Arthur.Rubin's Full Review: Christopher Hill - Virtual Morality: A Novel
This is part of sleeper54's Re-Write Write-Off, although I'm going to do this a little differently. My old review will be first, followed by the new parts. OK, starting off now.
No, it's not about pornography on the Internet. It's about a different sort of morality.
I've never seen such a good novel with NO sympathetic characters (with the possible exception of Pidge (short for Pigeon)). On the surface, it appears to be about a 1st Amendment case in which a student conduct board expelled a student for non-PC behavior and the young lawyer who looks at it as a chance to make a name for himself, but the plot twists left me wondering what was going to happen next. The only character who seemed to know what the real issues were struck me (as someone who believes that the purpose of college is education) as evil. Unfortunately, that character may be correct as to what is really happening on small college campuses.
That's where my former review left off. Now, to continue.
The viewpoint characters are:
Everett Overton Broadstreet Ph.D., Dean of the College of Arts and Sciences, who seems to have gotten to that position by avoiding offending anyone during his 35 years at the college. The last original thought that he expressed was probably in his Ph.D. thesis in Mathematics -- until about a dozen pages before the end of the book. (I hope nobody says that about me.)
Parker Thompson, the "juniorist of the junior partners" at Byrd, Templeton, and Diamonte, only 5 years out of law school, who has a serious drug habit (it appears not to be a problem until around the middle of the book).
There are no heros in this book, no people acting nobly, and, in fact, only one person who seems to be truely aware of what is going on -- some of his words follow -- if the author doesn't consider this to large an excerpt to be "fair use".

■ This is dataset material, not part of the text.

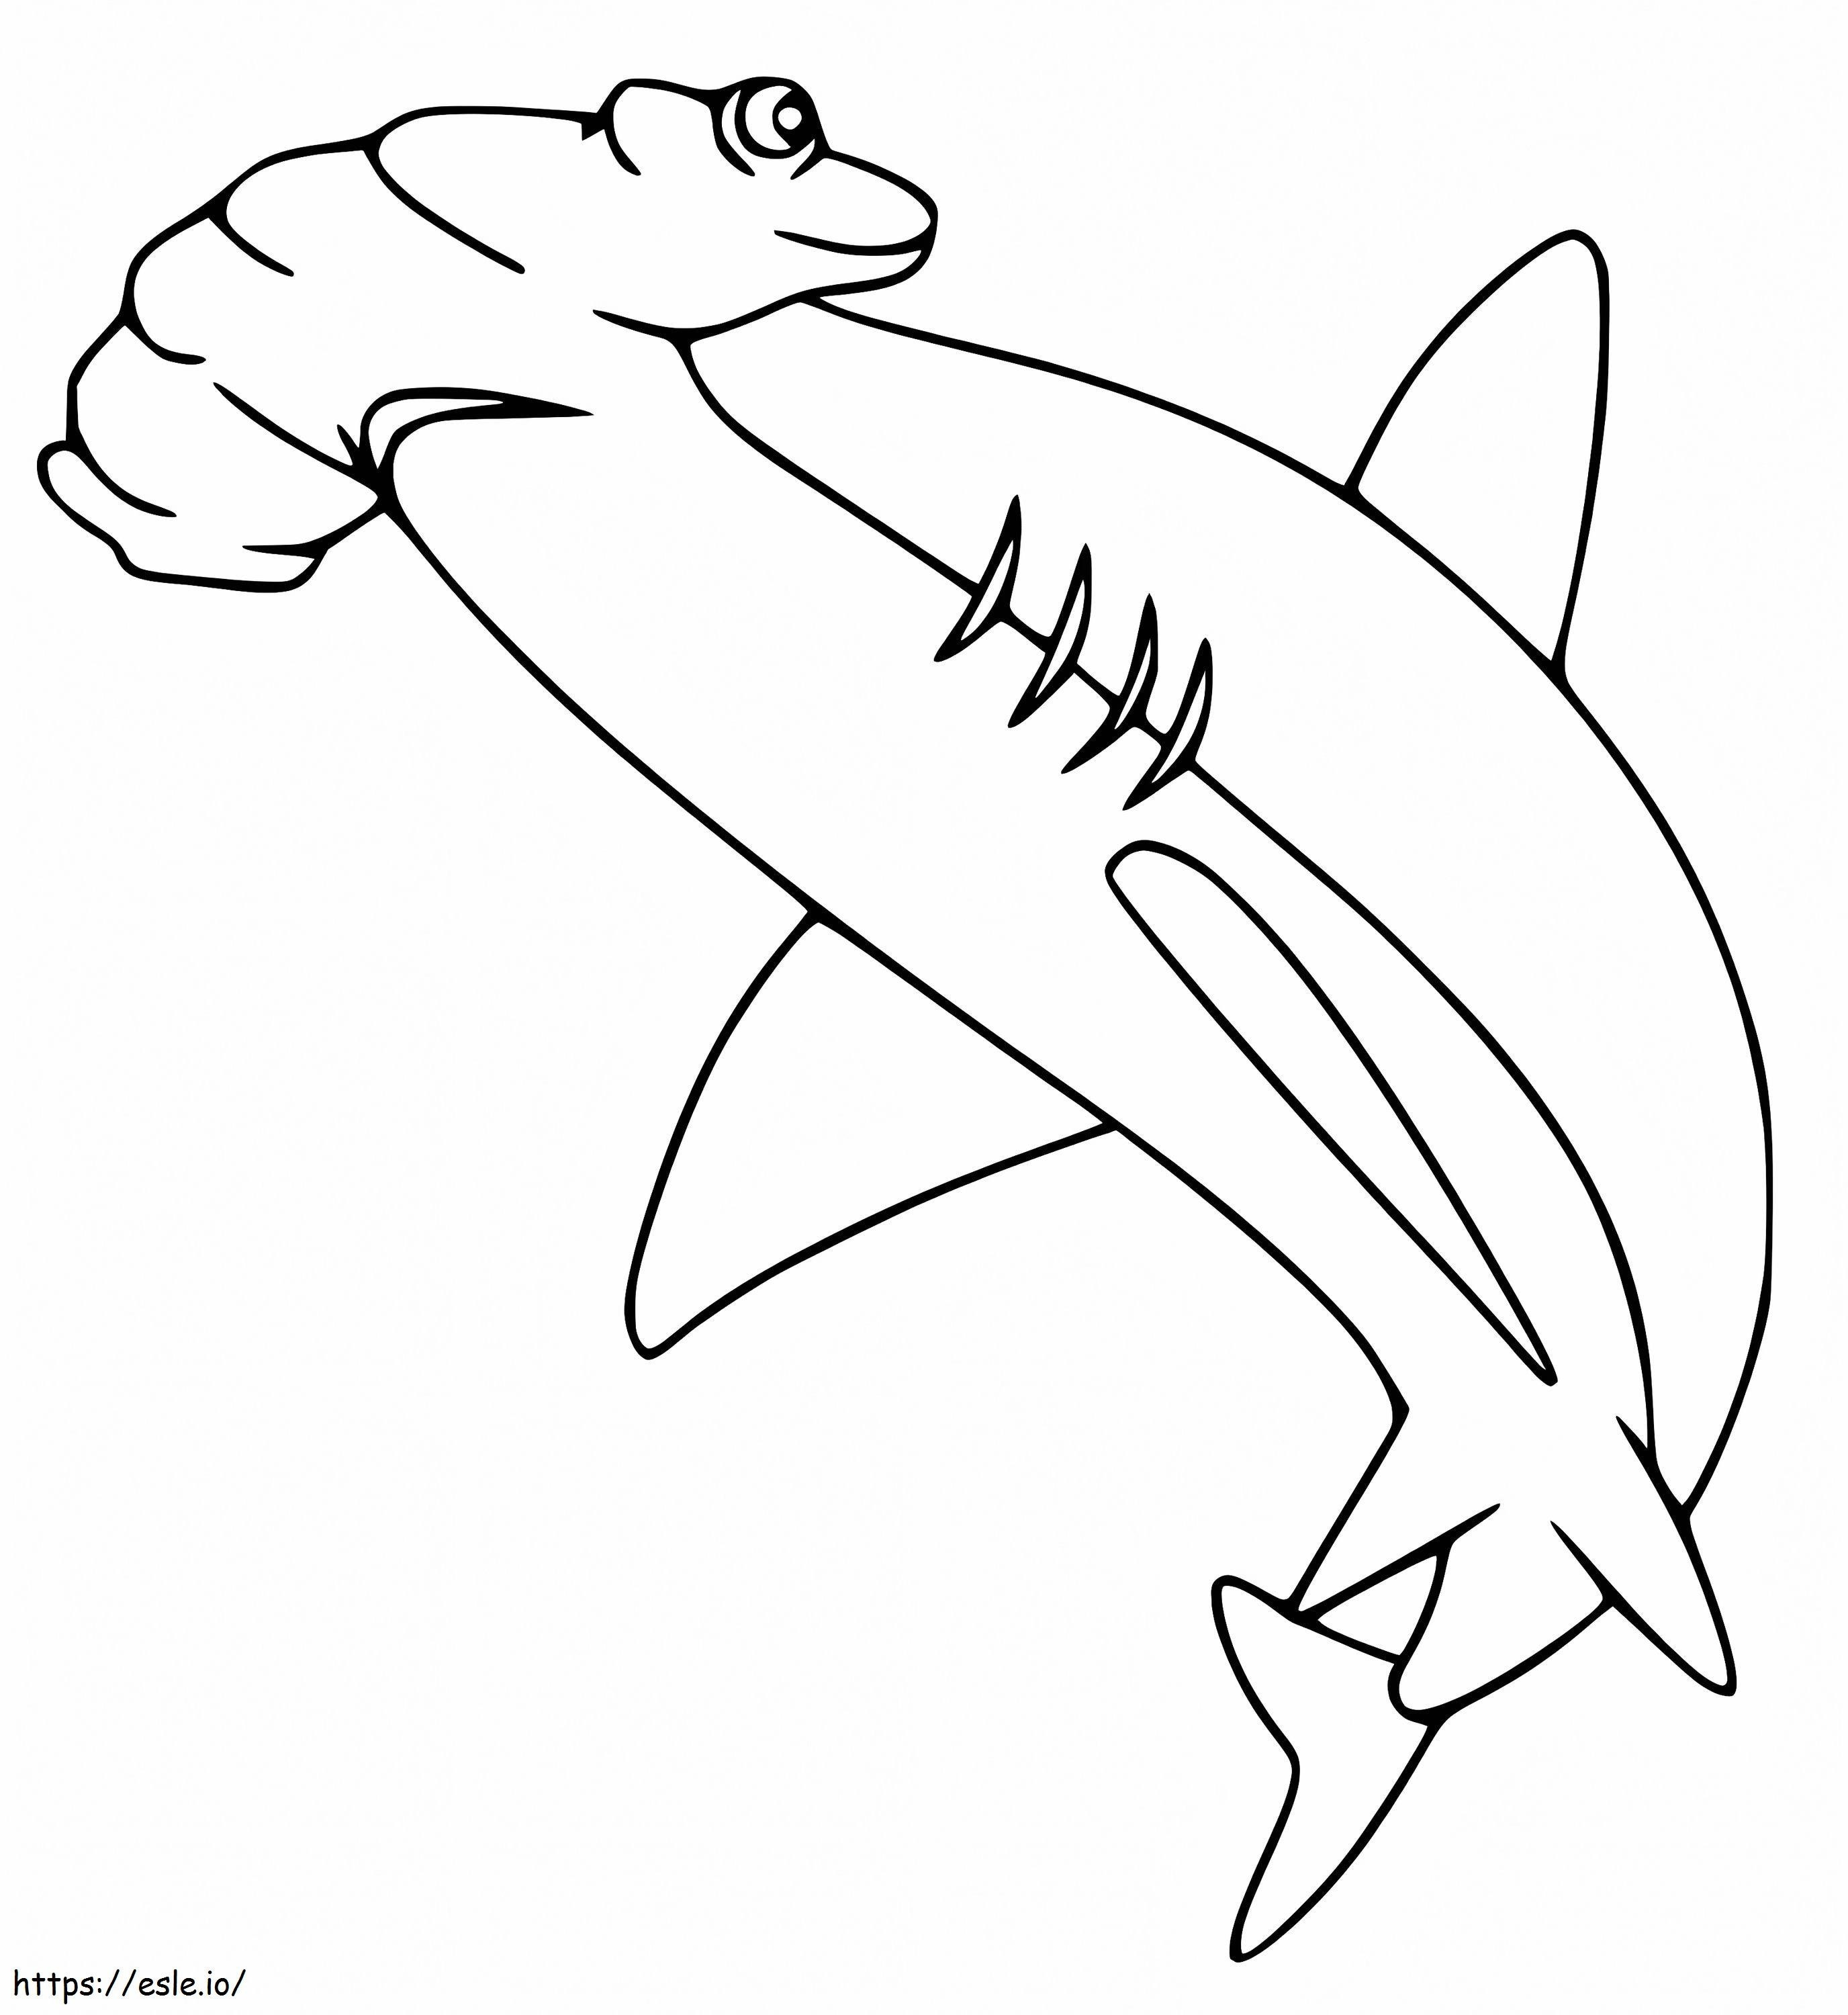 Çekiçbaş Köpekbalığı 5 boyama

I know you want to know this, you want to know why I do the things I do. I don't think most people would see it this way, but I suppose the best way to put it is to say that it has to do with evolution. There is a proper way for humans to evolve from this point in history, and it involves washing away the insanity of the last five thousand years. We have finally reached a time when people are moving away from the hierarchical structure that has held them in shackles of all of recorded history. It is finally dawning on the masses that this, this earth, is all there is, and that all people have the potential to be superior. That's an important word -- superior. The chain of command that has led people around like animals, always seeking the higher authority, the insane idea of God, is finally on its way out. It's a tough one for people to swallow, but it's true: There is no God. It doesn't exist. It never has. And the ludicrous notion of sin, which has kept people from achieving their destiny, and kept them comfortable in slavery, is disappearing from people's thoughts. It has already been practically removed from the language. Finally, finally, we are at a crossroads where the human race can escape the eddy in which it has been trapped by ignorance and fear. With the proper guidance, a new day will dawn when humankind will become the masters of right and wrong. We, my colleagues and I, are providing that guidance....

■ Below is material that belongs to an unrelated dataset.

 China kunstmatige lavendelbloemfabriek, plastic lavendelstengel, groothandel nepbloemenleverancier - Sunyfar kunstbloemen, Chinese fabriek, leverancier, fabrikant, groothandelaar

...In just fifty years, look how far we've come. From the first, vague stirrings of disbelief in particularly uncomfortable aspects of the moral code, to great segments of the population who view the idea of any moral code with suspicion. I know of students who will question whether Hitler was wrong to gas the Jews. Not from any weak sense of right and wrong, not from any unhealthy pity, but from the viewpoint that it is impossible to know what was on the minds of those who marched the wretched Jews into the showers! I'll bet when you were a young man, you wouldn't have believed that the masses could ever begin to think in this way. But they are. They're fed it every day on television, hour after hour, and they believe it. They know that the concept of morality is flawed. Even the great religions are moving away from the idea of sin. They're terrified of it because they can no longer explain it. Too many people are asking too many questions, and they find the gold in their coffers getting dangerously low. And those others, those bible-thumping fools who still buy the nonsense and use it to prey on the weakness of fear are vilified in the press as dangerous or unstable, as well they should be. It's happening all around you. These are great days. Humanity is about to make a great leap.
....We have taken that responsibility from them, or at least from a large percentage of them. And the percentage growing. We have organized the poor and the underclasses and now we take care of them because quite frankly they are currently incapable of taking care of themselves. Now we're beginning to take care of their children, teaching them just what they need to know. I must confess that I get a bit of a laugh when I see these sad-faced idiots, such as myself, lament the destruction of the educational system. It's not being destroyed, it's being refined.
We are witnessing something incredible, epochal. We are seeing the beginnings of the next great intellectual movement, the true reformation, the one where we learn to live without God. It won't be completed in my lifetime, or in the lifetime of my children or of my children's children. But in a few hundred years humanity will fundamentally outgrow the psychological need for its parents. And when that happens, we will be able to truly explore the boundaries of technology. We won't be held back by the nagging suspicion that we really shouldn't do all of the things we are capable of. We will master life itself. And we will master death.